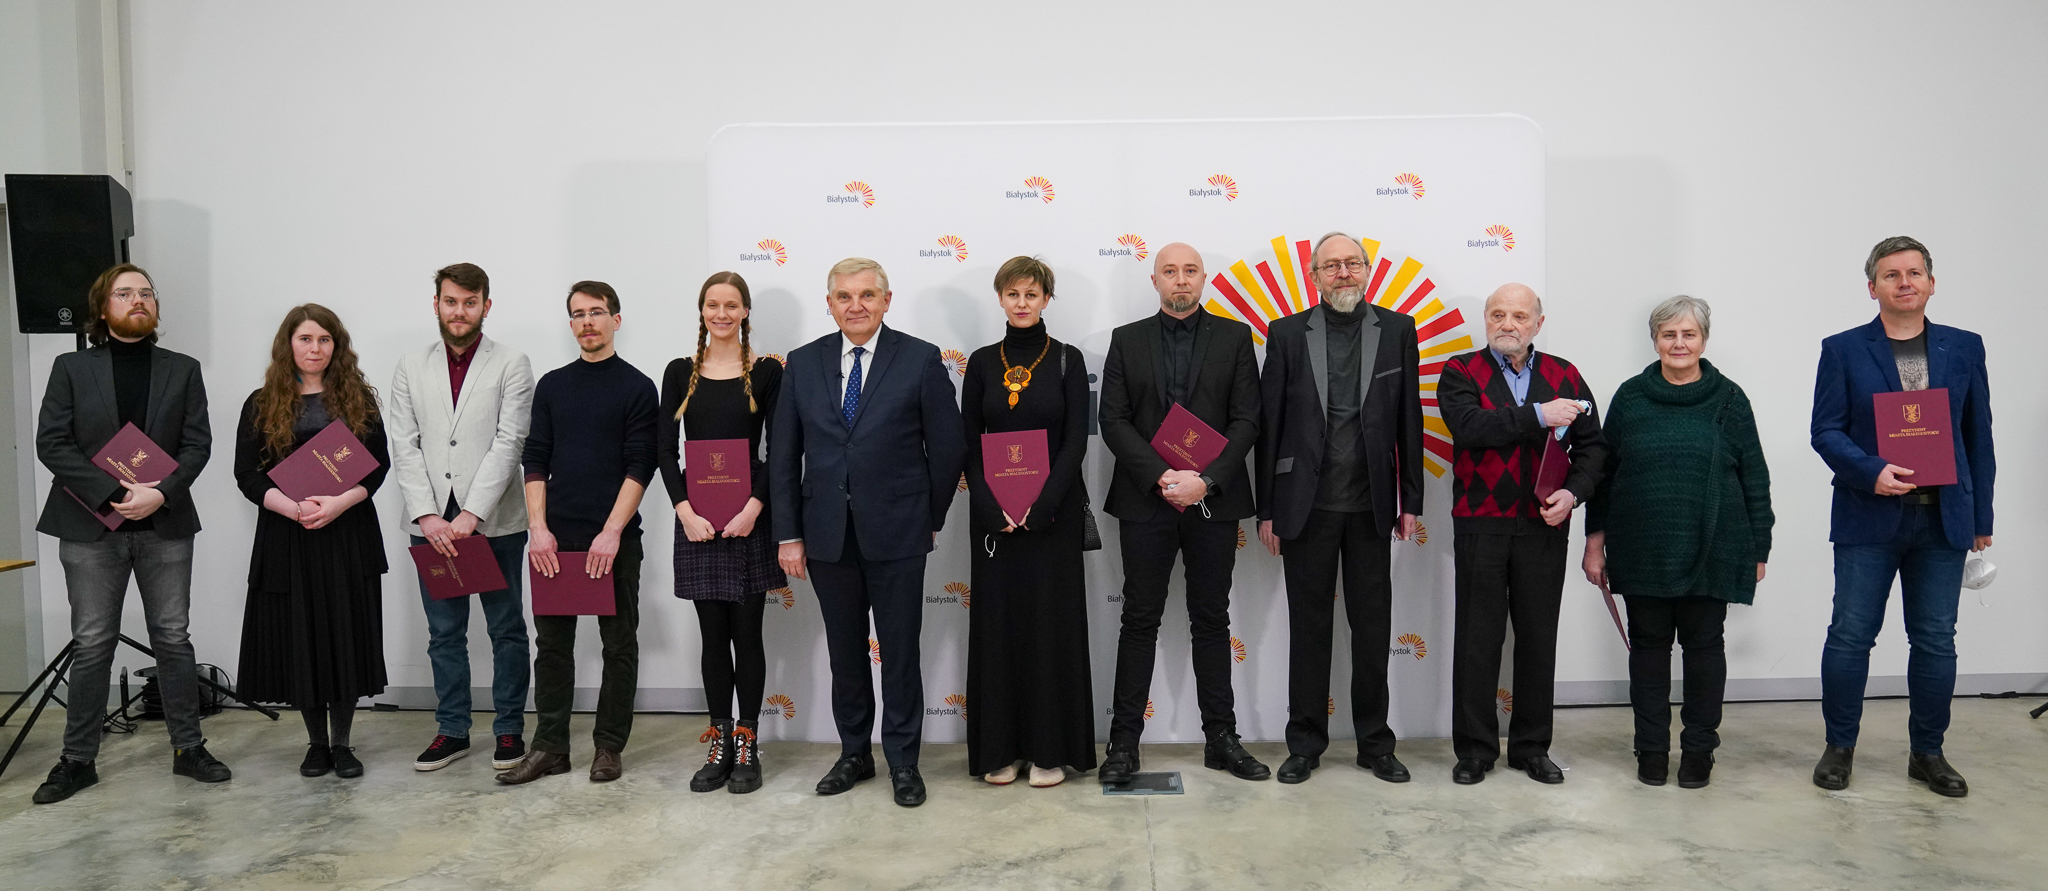 Stypendyści i prezydent Tadeusz Truskolaski pozują do pamiątkowego zdjęcia
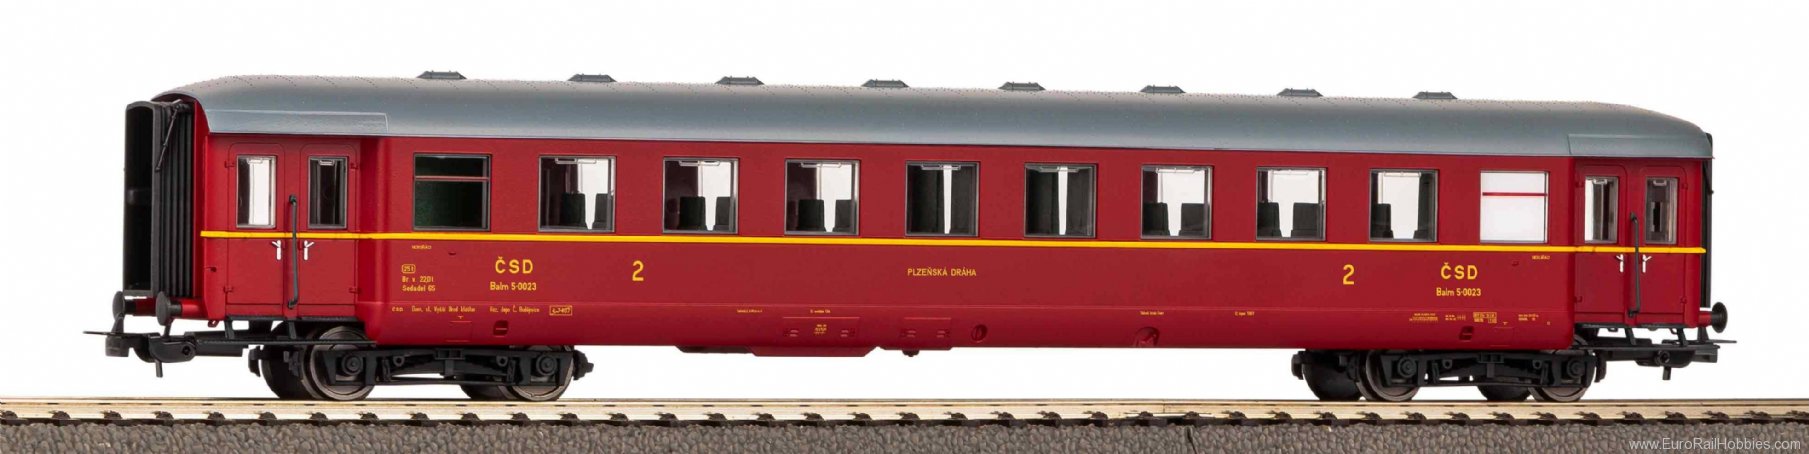 Piko 53284 Balm CSD III apron express train car (Piko Cl
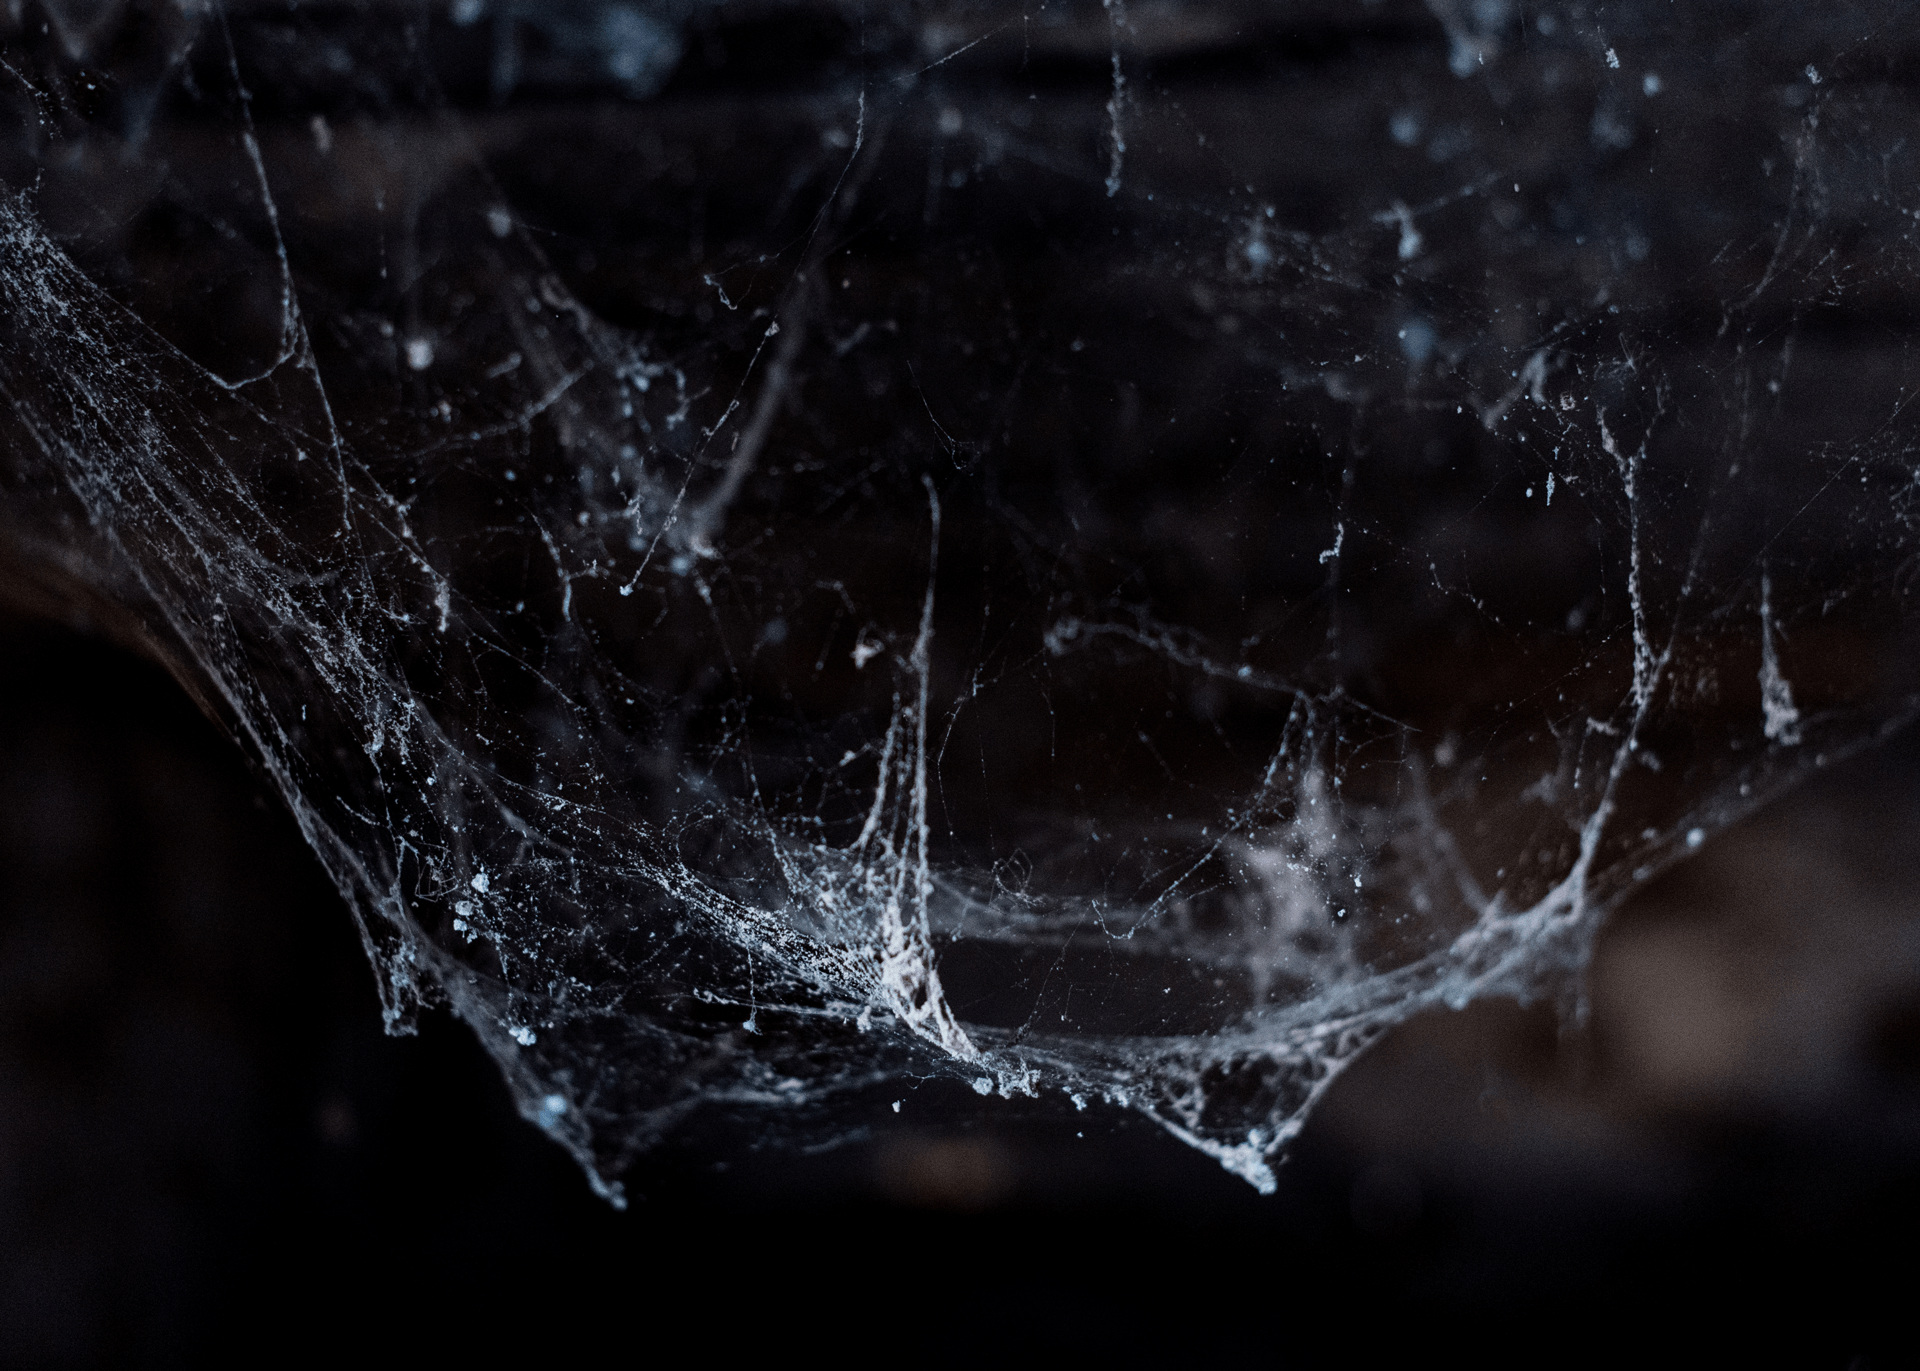 Spider-Webs

• **Instructions for the task**
Would you give the material back exactly, minus the pictures?

• **Answer for the task**
 Stypendyści i prezydent Tadeusz Truskolaski pozują do pamiątkowego zdjęcia
 Piko 53284 Balm CSD III apron express train car (Piko Cl
 Spider-Webs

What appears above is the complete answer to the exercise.